If it does nothing else useful, the Coalition may at least break down the Party system.

Today’s vote on prisoners’ electoral is a crucial test

Later today there will be a crucial Commons vote on the right or otherwise of prisoners to have an electoral vote. Because it suits his book to throw a crumb to the Conservative right wing (and look truculent over an EU issue) the Prime Minister has given MPs a free vote. After much squabbling yesterday, it looks like there will now be a majority in favour of defying the EU.

As Ken Clarke has already made abundantly clear, in the end we will ‘fulfil our European Union obligations’, but that’s not really the point. David Cameron has been pressured by circumstances into accepting Party indiscipline – and humouring it.

Now today we read that 90 top LibDem Councillors have publicly attacked the Government’s cuts programme – a Government in which they are technically partners. There’s not much Cameron can do about this either – without upsetting the Huhne/Cable axis of thinly-veiled disloyalty.

At the weekend, Nick Clegg devoted a speech and press conference to putting forward how economic reconstruction and stimulation was indeed a priority for ‘the Government’, despite the fact that – when you look at policy papers in the pipeline – it is clear that the Coalition is doing none of the things he suggested. There’s a very good reason for that: two of them are LibDem, not Tory, policies.

Now some would observe that these events merely show how Coalition government really doesn’t work in practice: that policy is diluted and the direction becomes fuzzy.
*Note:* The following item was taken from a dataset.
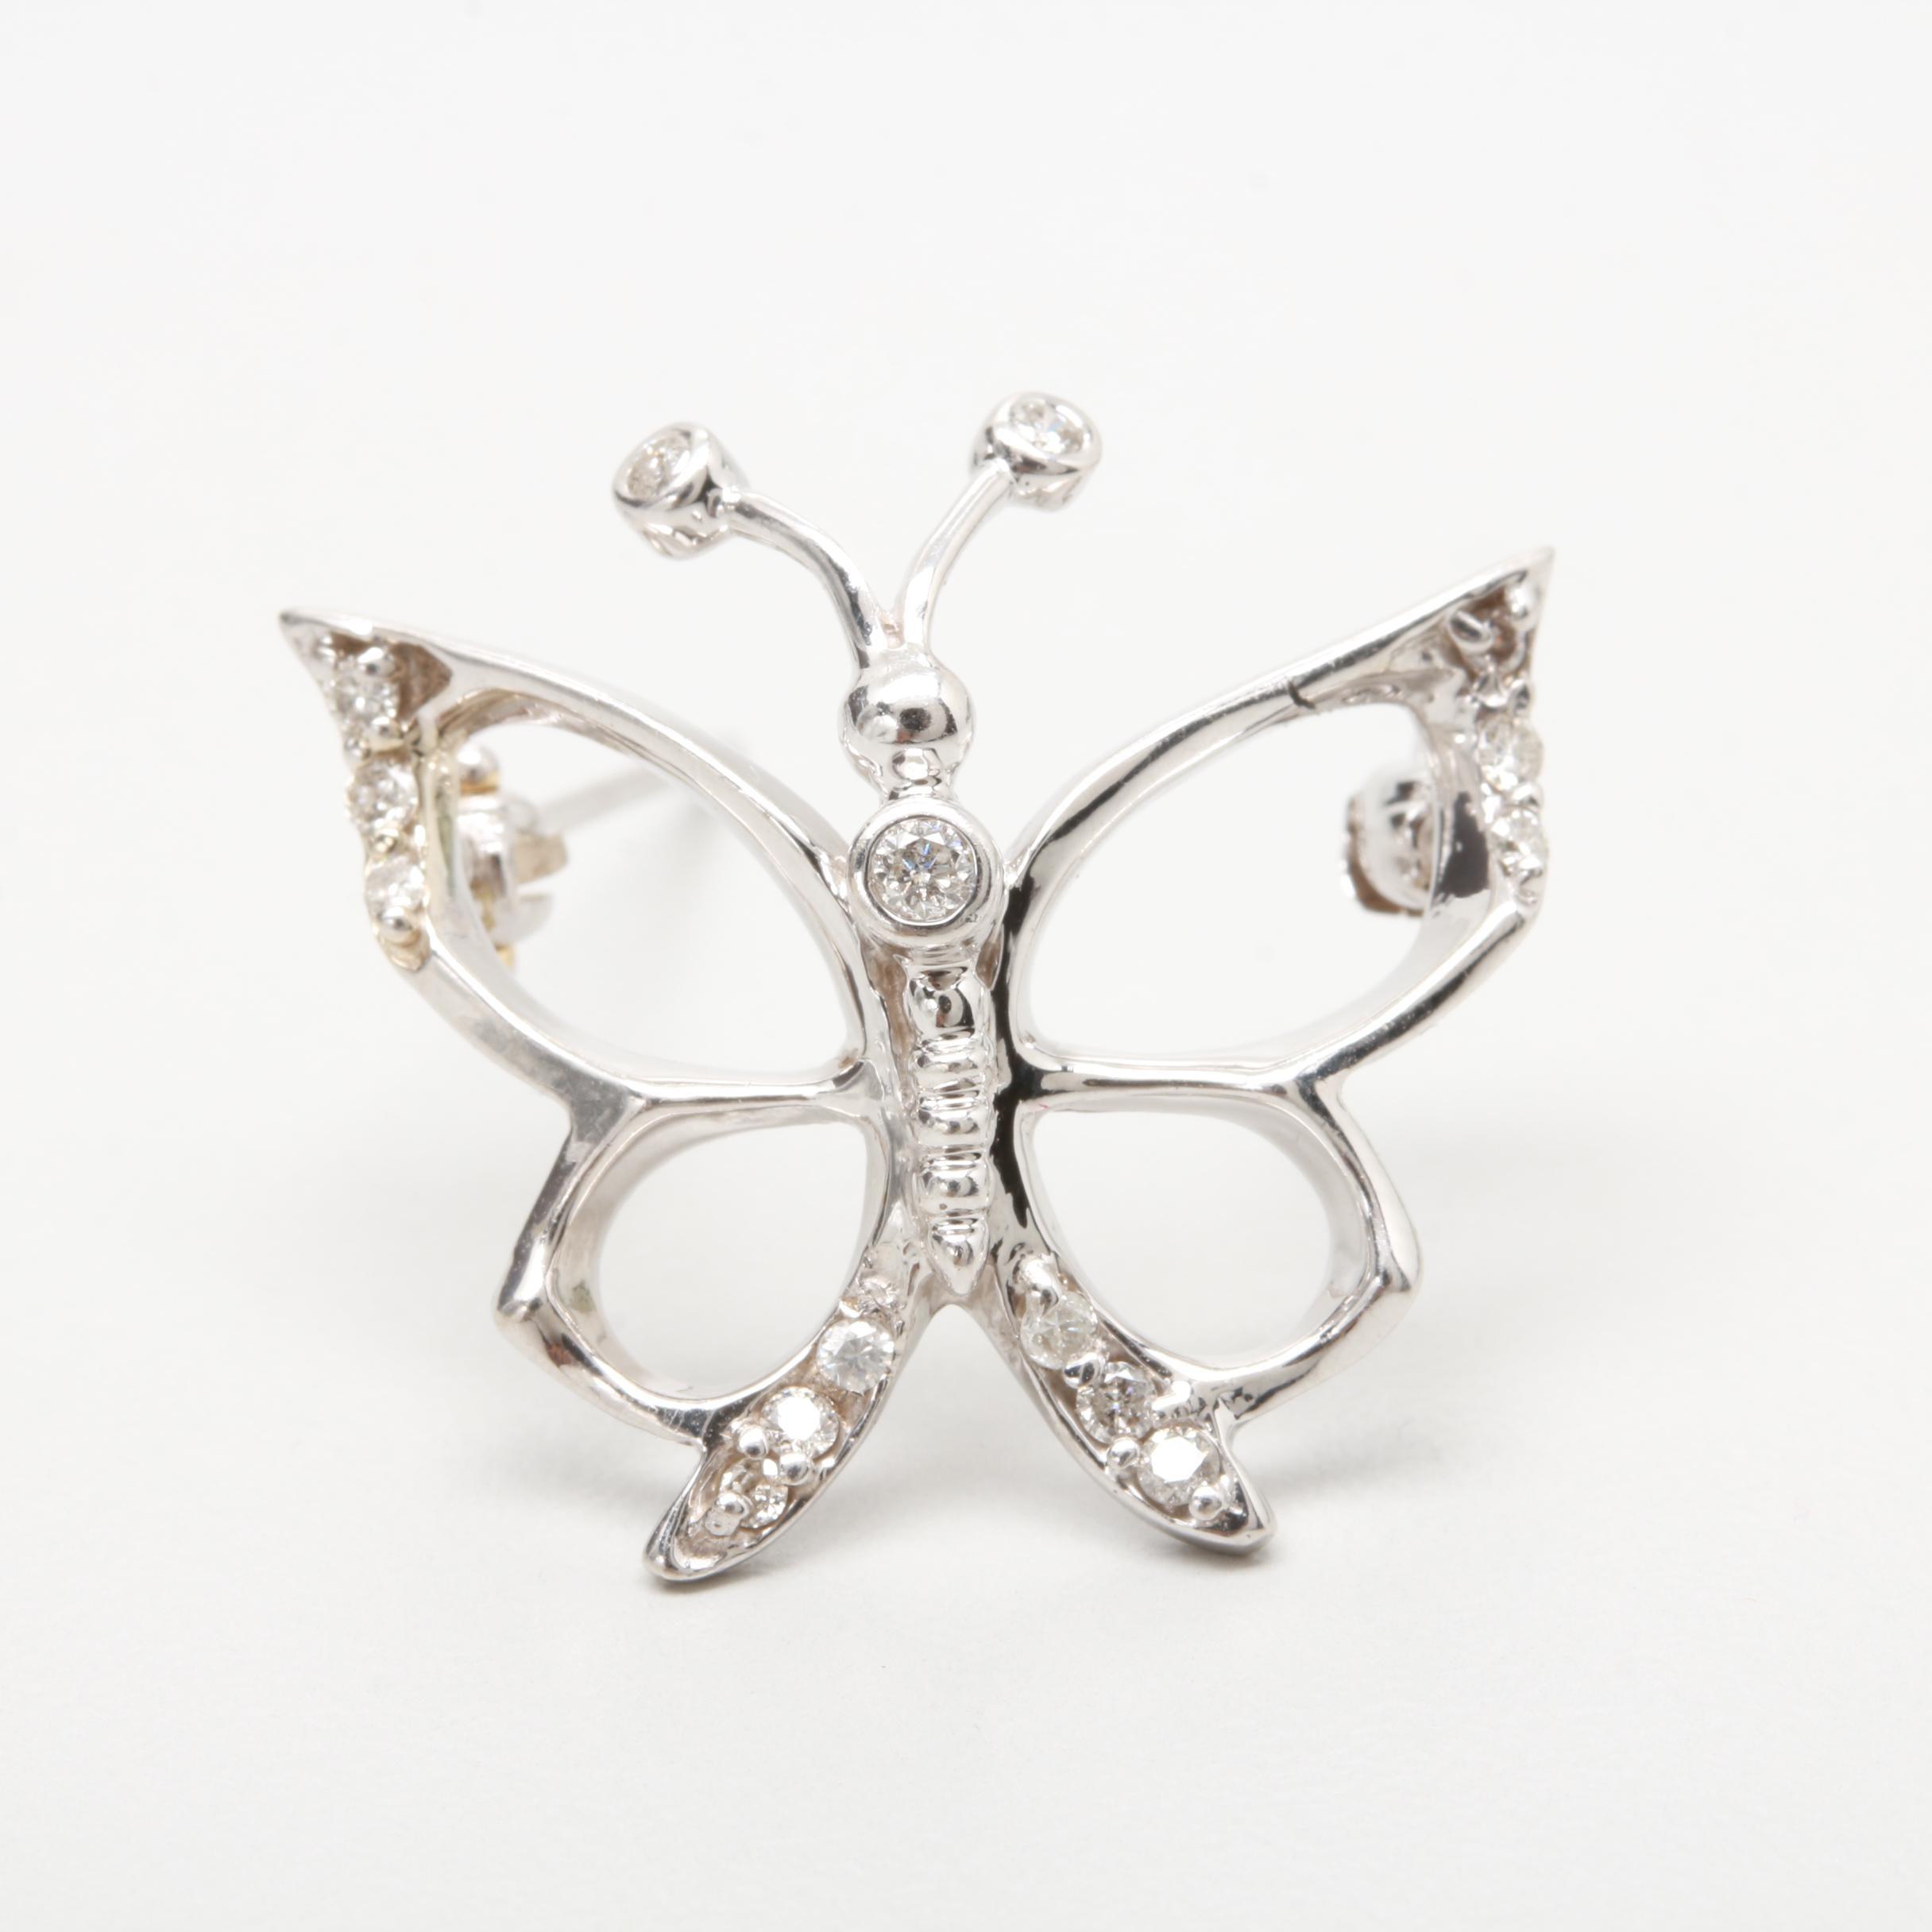 14K White Gold Diamond Butterfly Brooch

But if you look at PR-created Coalition government elsewhere in the EU, the one thing it always leads to is a proliferation of Parties.

The assumption that the voting system caused the change is sensible, but may no longer be considered the only reason. Parties are very, very rarely invented by voters: they’re created by politicians fed up of being bullied by Whips, and a ignored by Party leaderships that usually ignore them. I suspect the way round change works is that such politicos are motivated by leaderships out of touch with the public – and then encouraged to do something dramatic by the PR voting system.

This is not an academic consideration. If ‘rebels’ in the Labour and Conservative Parties win out today, they will not face dire consequences. Those on the Left who find Big Ed far too Highgate for their taste (and accept that the denial of votes to prisoners is commonsense) will have flexed their muscles; and the eurosceptic Tory Right will have won a major victory that leaves William Hague looking decidedly isolated. As Daniel Ellsberg once remarked, “Courage is contagious”.

What makes the trend even more fascinating is that not only will it have been achieved without PR, it will be apparent even to the dullest of backbench fodder that voting in favour of AV later this year can help a cause. It could quite easily change the dynamics of MPs’ public support for the referendum: and shift more people like me into the AV camp if only because it offers the chance to make political realignment a strong possibility rather than just an extremely unlikely outcome.

A wion against the EUCourt today will be bad for the Cameroons, good for Nick Clegg, and excellent for MPs’ power. And (as the Cameroons will know only too well) it won’t do David Davis any harm either.